Nigella Lawson's HOW TO BE A DOMESTIC GODDESS is my favourite cookbook1. I've been baking from it for years upon years, but I still stumbled across the occasional recipe I've overlooked. Generally, these secretive recipes are tucked away between illustrated pages, devoid of tempting photographs and equipped with only the barest of descriptions.
Such was the case with Nigella's sour cream chocolate cake, a gem I overlooked until last December. Armed with a three-pound tub of Daisy sour cream2 and a desire to try something new, I whipped up a two-layer cake and stuck it in my freezer for my Christmas dessert buffet.
I ended up with so much other baking that the cake languished in the freezer3 until February, at which point I pulled it out on a whim, whipped up the complementary icing, and dug in.
Wow. The cake itself is good--moist and delicately crumbed--but the icing elevates it to another level. It reminds me very much of soft, delectable cream cheese icing, if cream cheese icing were bursting with chocolate and just a shade tarter than it actually is.
I could eat this stuff straight from the bowl without a shred of shame. It's that good.
Alas, I generally bow to convention and slather the stuff on cake. It's infinitely spreadable, and it holds a loose shape if you want to pipe it out for extra effect.

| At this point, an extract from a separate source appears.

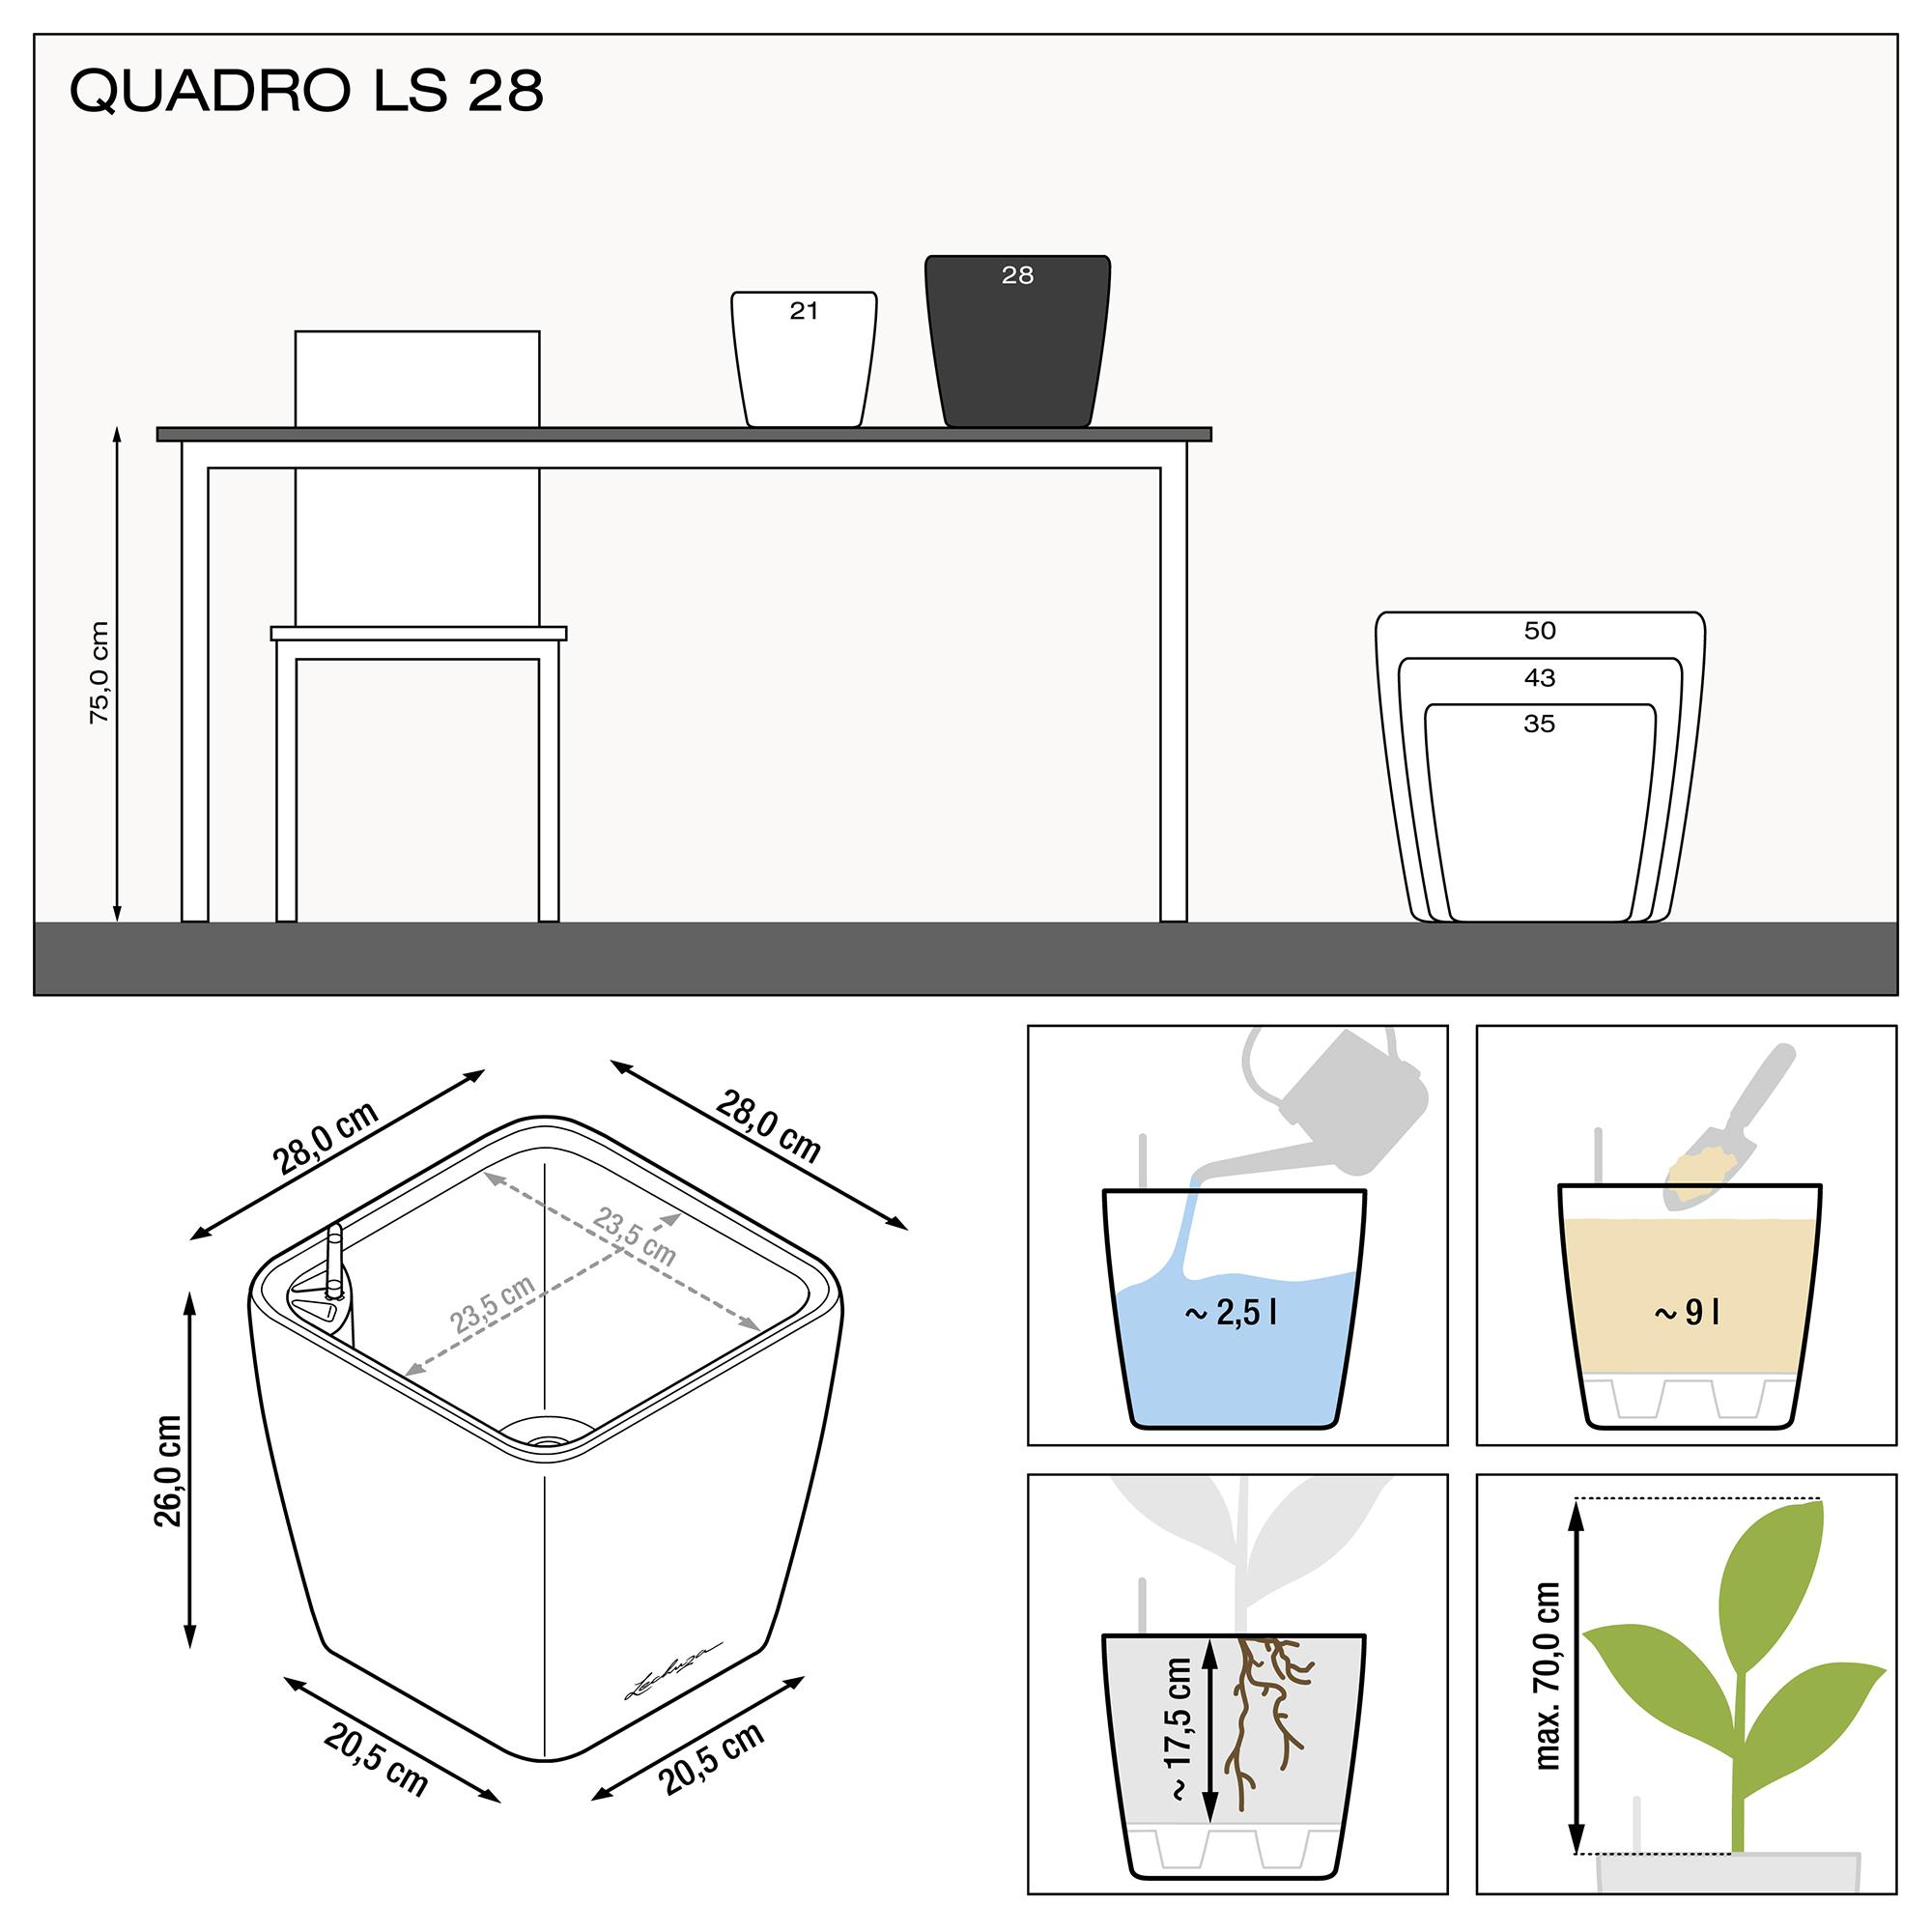 le_quadro-ls28_product_addi_nz

The recipe below is enough to generously ice twelve cupcakes or one two-layer cake (the recipe for which also follows). It's great with a few crumbled pecans pressed into it, if you're a nut person.
- 170 grams (6 ounces) dark chocolate wafers
- 6 tablespoons butter
- 1/2 cup full-fat sour cream
- 1 tsp vanilla
- 1 tbsp corn syrup
- 2 cups sifted icing sugar
- splash of hot water (optional)
Melt the chocolate and the butter in a double boiler, or in a metal bowl over a pot of hot water.
Let the chocolate cool slightly, then stir in the sour cream, vanilla, and syrup. Beat the mixture until everything is fully incorporated.
Add the sifted icing sugar a third and a time, mixing thoroughly after each addition. The icing should be thick, but still spreadable. If it looks a little too stiff, add a splash of hot water.
Slather it on a cake, or stick it in a piping bag and squeeze it out in fancy shapes. It'll hold a loose shape, as pictured above, but doesn't keep crisp edges straight out of the bowl and I imagine you'd have to time things carefully if you wanted to chill it first.
You can use it with pretty well any cake, I'm sure, but if you'd like to go with the original....
- 1 1/3 cups all-purpose flour
- 3/4 cup sugar
- 3/4 tsp baking powder
- 1/4 tsp baking soda
- 1/2 tsp salt
- 3/4 cup plus 2 tbsps softened butter
- 3 tbsp cocoa
- 1/2 cup plus 2 tbsps full-fat sour cream
- 2 large eggs
- 1 1/2 tsp vanilla extract
- pecan pieces (optional)
Preheat your oven to 175ºC/350ºF.
Mix the flour, sugar, baking powder, baking soda, and salt in a large bowl. Add the softened butter and beat it all together with an electric mixer.
In a separate bowl or a large measuring cup, combine the sour cream, eggs, cocoa, and vanilla. Add this mixture to the bowl a little at a time, beat thoroughly after each addition.
If you're after a layer cake, divide the batter evenly between two greased 8"-round pans. Bake the cakes for 30 minutes, or until they begin to shrink back from the edges of the pans. Remove them from the oven and let them cool in the pans for about ten minutes before you turn them out onto wire racks to cool completely.
If you're after cupcakes, prepare a twelve-cup muffin tin with paper liners and pour roughly 1/3 cup batter into each of them. Bake the cupcakes for roughly 20 minutes, or until a cake tester inserted into a random cupcake comes out clean. Let the cupcakes cool in the tin for about ten minutes before you remove them to wire racks to cool completely.
To ice the layer cake: place one layer top-side down on your desired serving plate. Slather a goodly amount of the icing on the cake, then place the other layer bottom-side down atop it. Spread a thin crumb layer over the whole thing, then spread the remaining icing evenly over the cake. If you'd like, press pecan pieces along the bottom edge of the cake, with a few sprinkled right in the centre on top.
To ice the cupcakes, slather or pipe a generous amount onto each one and sprinkle with pecan pieces, if desired. Easy peasy.
- Actually it's tied for first place with BROWN SUGAR by Joyce White, but "it's my favourite cookbook" scans better.
- By far the world's best sour cream: thick, tart, and presumably full-fat. (The tub is rather cagey about things like nutritional information.) I get my mother to bring me some whenever she goes to the United States.
- An interesting thing about cakes: you probably don't want to stick your average cake in the fridge, particularly if it's fine-crumbled, but freezing often improves the texture. Cakes thaw quickly, so it's a good idea to keep an uniced cake or an assortment of cupcakes in your freezer against future need.